Member of the National Assembly
- Incumbent
- Assumed office 30 May 2020
- Constituency: Proportional representation

Personal details
- Born: 17 November 1980 (age 45) Seoul, South Korea
- Party: Democratic
- Alma mater: Catholic University of Korea Yonsei University Catholic Kwandong University

= Shin Hyun-young =

South Korean doctor and politician

Shin Hyun-young (born 17 November 1980) is a South Korean doctor specialised in Family medicine currently serving as a Democratic member of National Assembly.

== Background ==
In 2020 election, Shin was on the top of the list for then-Platform Party's proportional representation. Her nomination was in strict contrast to the vice president of Korea Medical Association who joined the main opposition's sister party for its proportional representation list but resigned after he was placed as the number 22 of the list.

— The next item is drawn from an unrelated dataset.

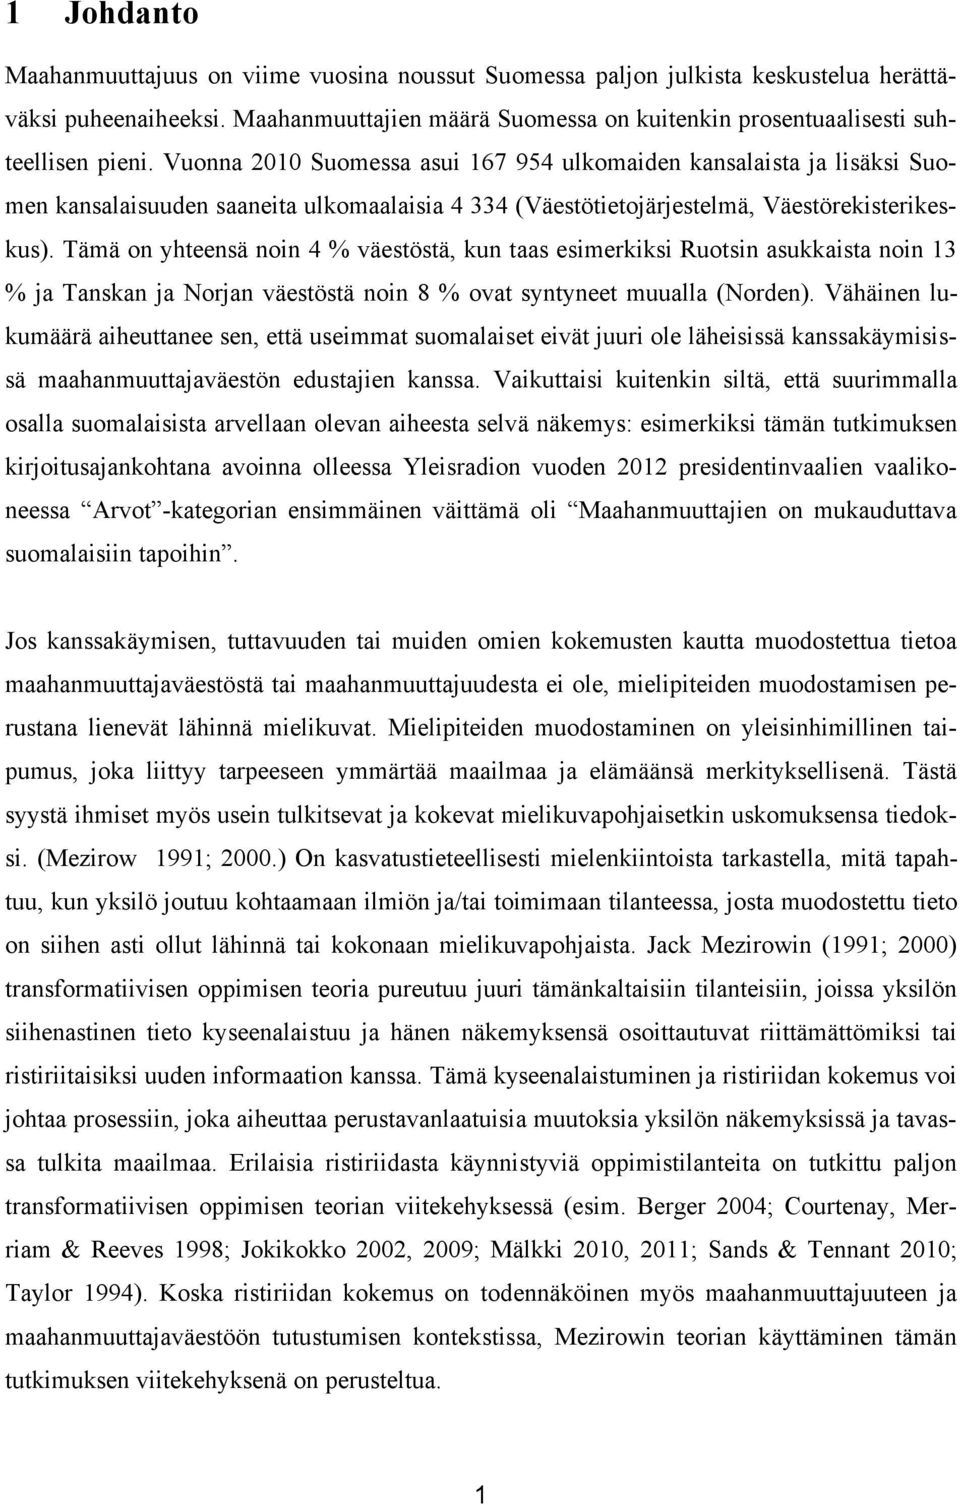 Vuonna 2010 Suomessa asui 167 954 ulkomaiden kansalaista ja lisäksi Suomen kansalaisuuden saaneita ulkomaalaisia 4 334 (Väestötietojärjestelmä, Väestörekisterikeskus).

After the election, her party merged with its sister party, Democratic Party. She is now its deputy floor leader.

She is widely known to the public as the co-author of the article which synthesises information related to the recovery of the third COVID-19 patient in Korea treated with AIDS medicine.

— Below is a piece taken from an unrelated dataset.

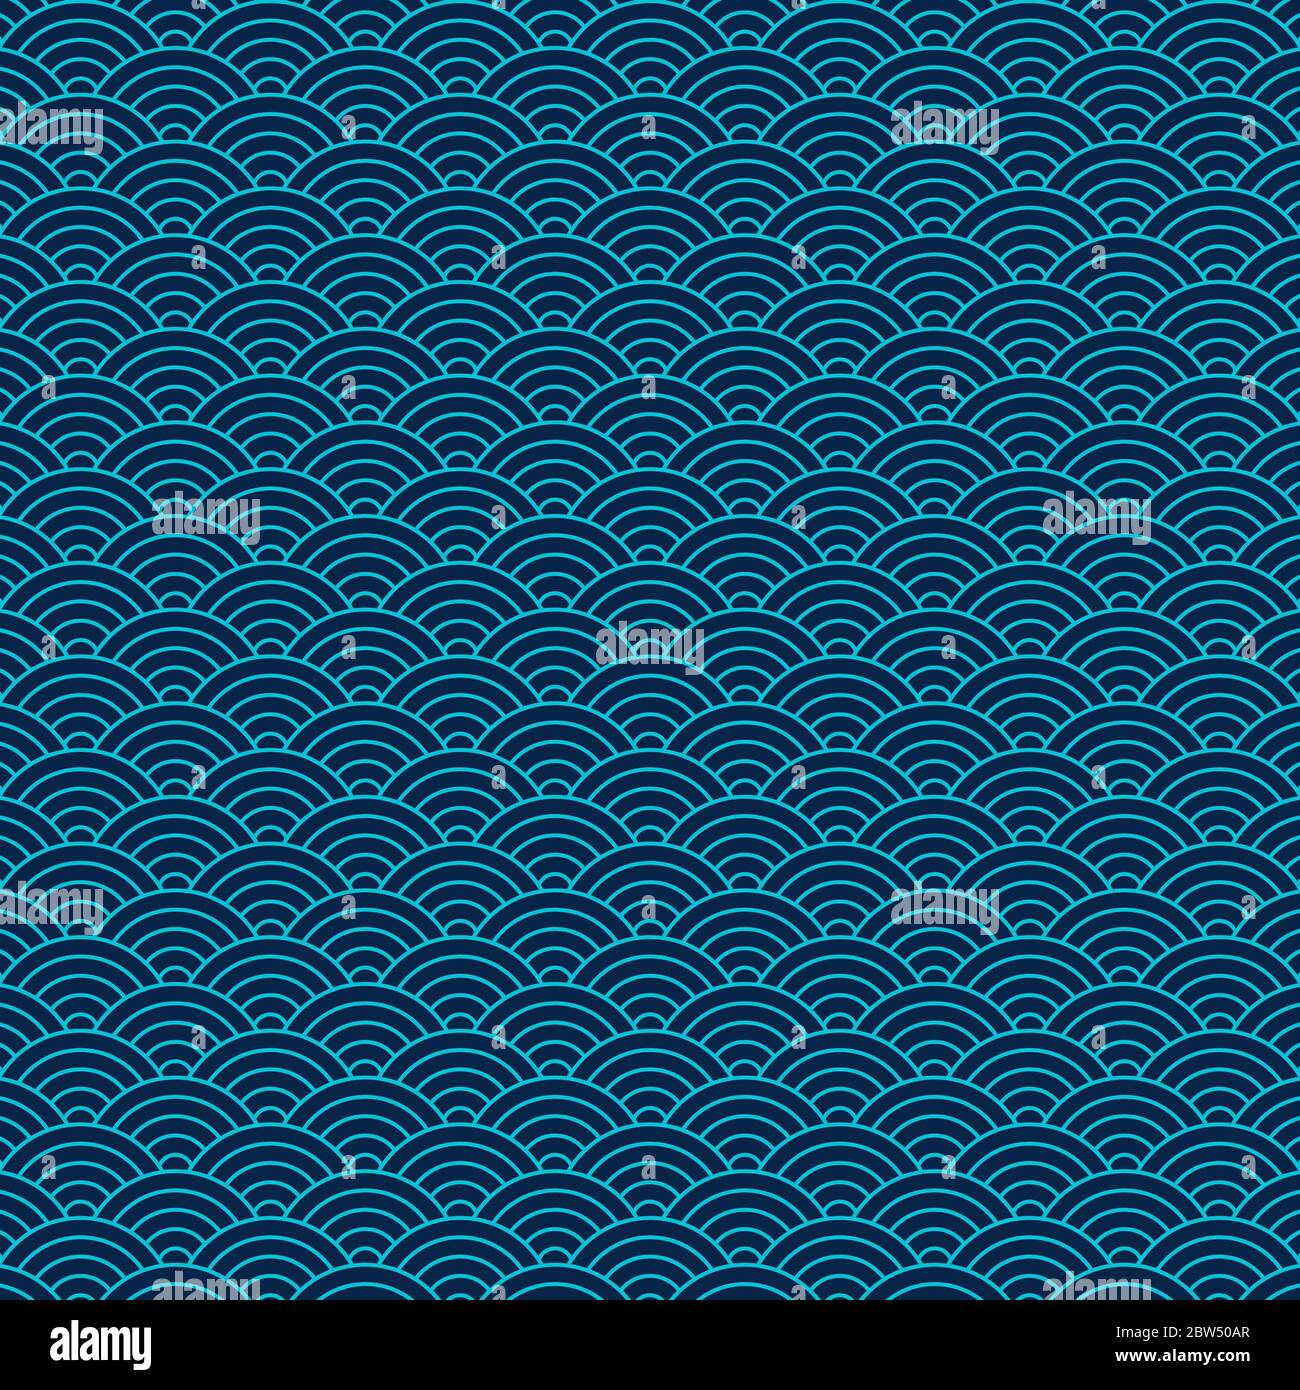 Wellenmuster, inspiriert von traditionellen japanischen geometrischen Mustern. Abstraktes Vektordesign. Blaues Seigaiha-Muster. Stock Vektor

Before entering politics, she was an assistant professor of family medicine at Hanyang University and led family medicine department at Myongji Hospital. Moreover, Shin was director of multiple medical associations - Korean Association of Family Medicine, Association of Healthcare for Korean Unification, Korean Medical Women's Association, Korean Intern Resident Association and finally - and largest - Korea Medical Association (KMA). She was also KMA's spokesperson.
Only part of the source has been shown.